The pumped flow of raw sewage from the lift station arrives at the Aeration MBBR section.

"Aquatech-USA" The basic principal of the moving bed process is the growth of the biomass on plastic supports that move in the biological reactor via agitation generated by aeration systems (aerobic reactors) or by mechanical systems (in anoxic or anaerobic reactors). The supports are made from plastic with a density close to 1 g/cm3 letting them move easily in the reactor even when the capacity reaches 70%..

The moving bed processes come from the current trend in wastewater treatment, from the use of systems that offer an increased specific surface in the reactor for the growth of the biomass, achieving significant reductions in the biological reactor volume.

Initially fixed bed systems were used, however it was discovered that this type of process show a series of operational inconveniences such as the blocking of the bed because of the excessive growth of the biomass, this makes periodical cleaning obligatory.
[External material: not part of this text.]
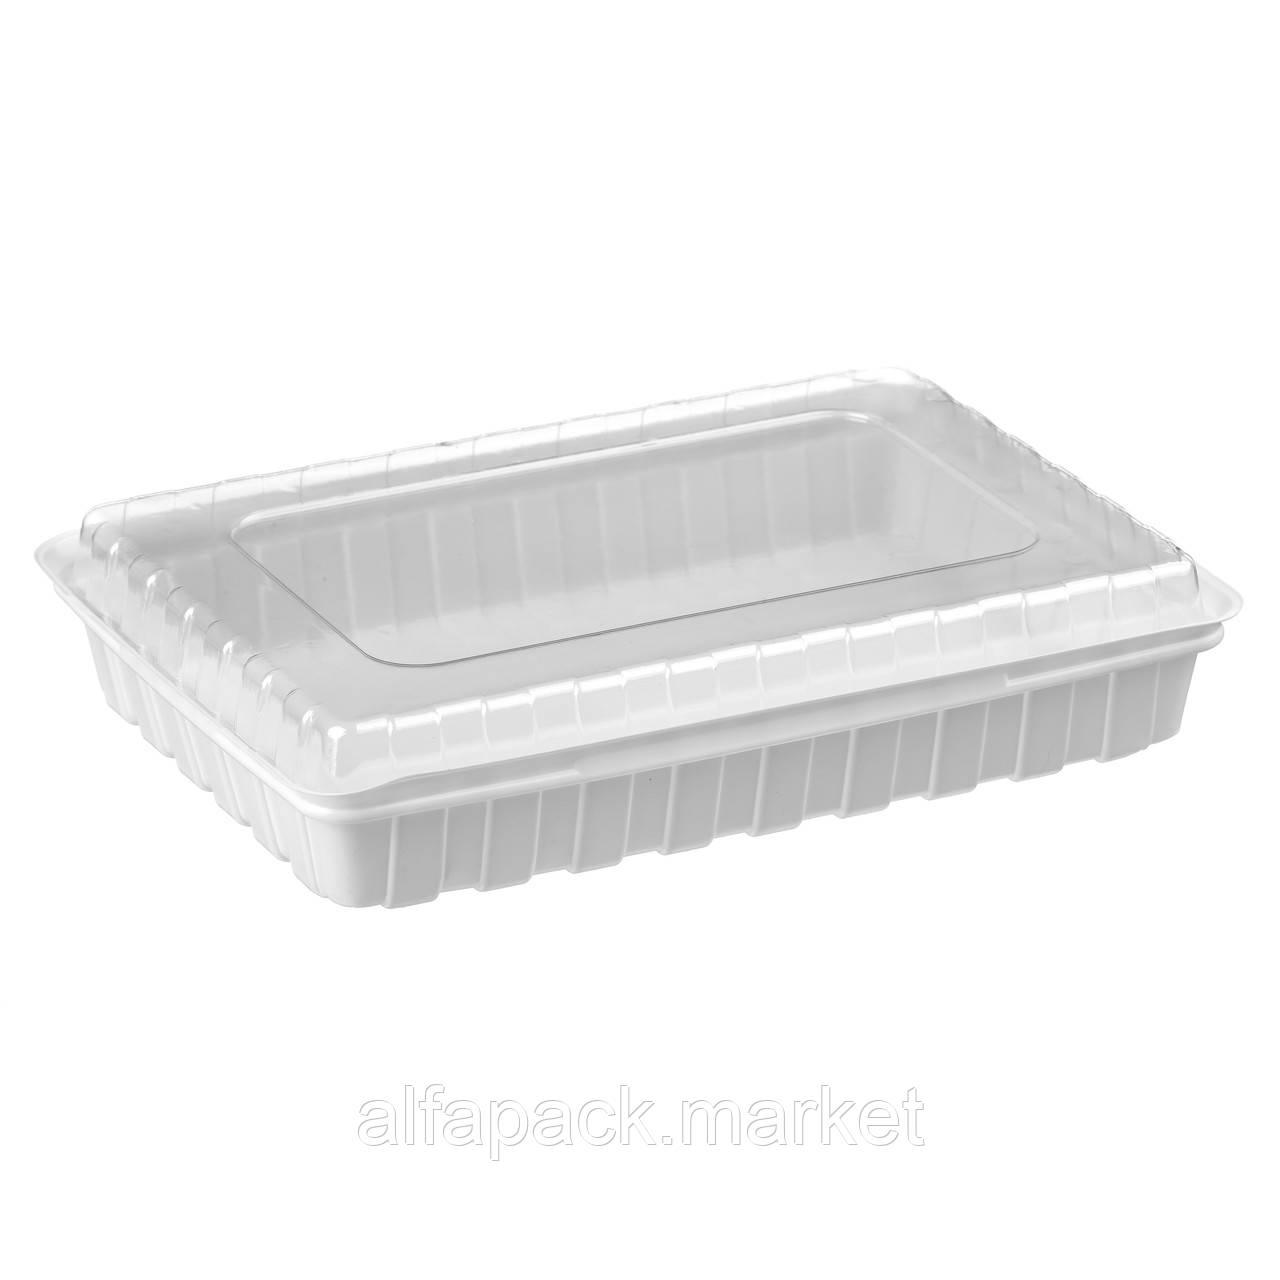 ПС-61 Блистерная упаковка для суши, 278*195*40 (180 шт в упаковке) 010100133
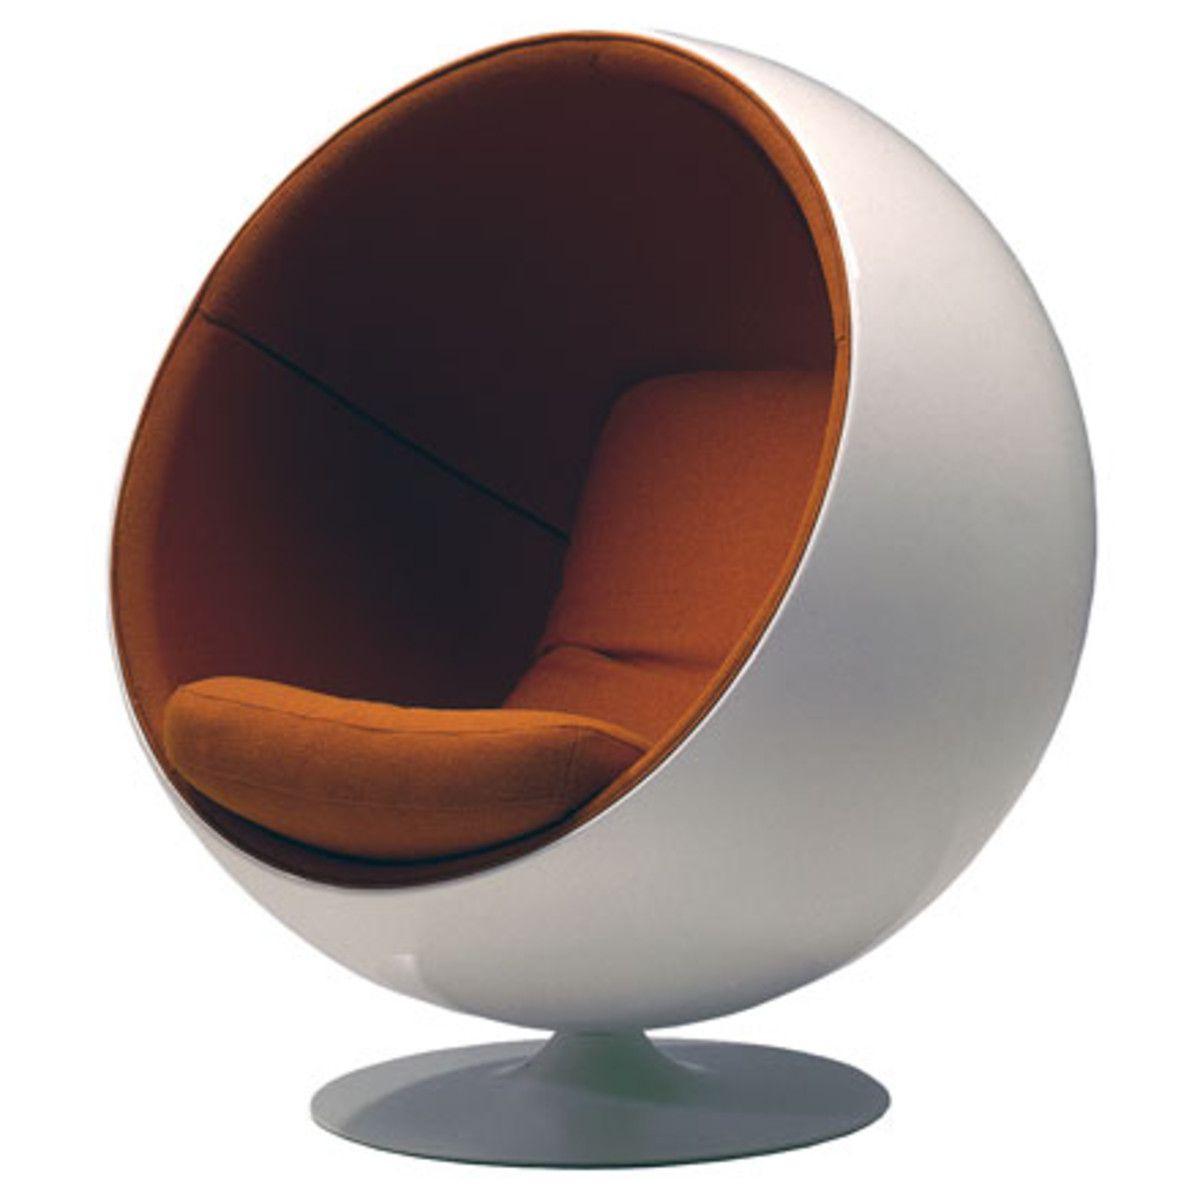 eero aarnios durchbruch als designer begann 1966 mit. Black Bedroom Furniture Sets. Home Design Ideas

These drawbacks have caused the need for the creation of simple biofilm processes that eliminate them and that ease their operation; these are the moving bed processes. This type of process can be applied both to treatment plants for the biodegradation of organic material as well as for installations with nutrient elimination, in urban and industrial wastewaters

Biological processing

The treatment plant will take suction from the pump well by its own feed pump. The pump is level controlled and has a capacity which is 2-3 times the average daily flow. The plant has therefore an intermittent working mode in terms of hydraulic flow, while the air blower supplying air to the bioreactors is continuously running. The biodegradation reactor comes in one or two stages depending on required cleaning

efficiency. Plants with higher cleaning efficiency than 80-85 % need a two-stage system. The bioreactors are degrading the dissolved organic matter by oxidation into carbon dioxide, which escapes to the air, and to biomass that acts as activated sludge. A suspended, free floating biofilm carrier medium is providing a large, protected biofilm surface for the bacteria and is simultaneously accumulating the active bio sludge inside the reactors.


Main features

* compact & occupy very less space

* easy transportation.

* no chemical addition

* easy start up, semi automatic.

* central control

* less maintenance, low capital & operating cost.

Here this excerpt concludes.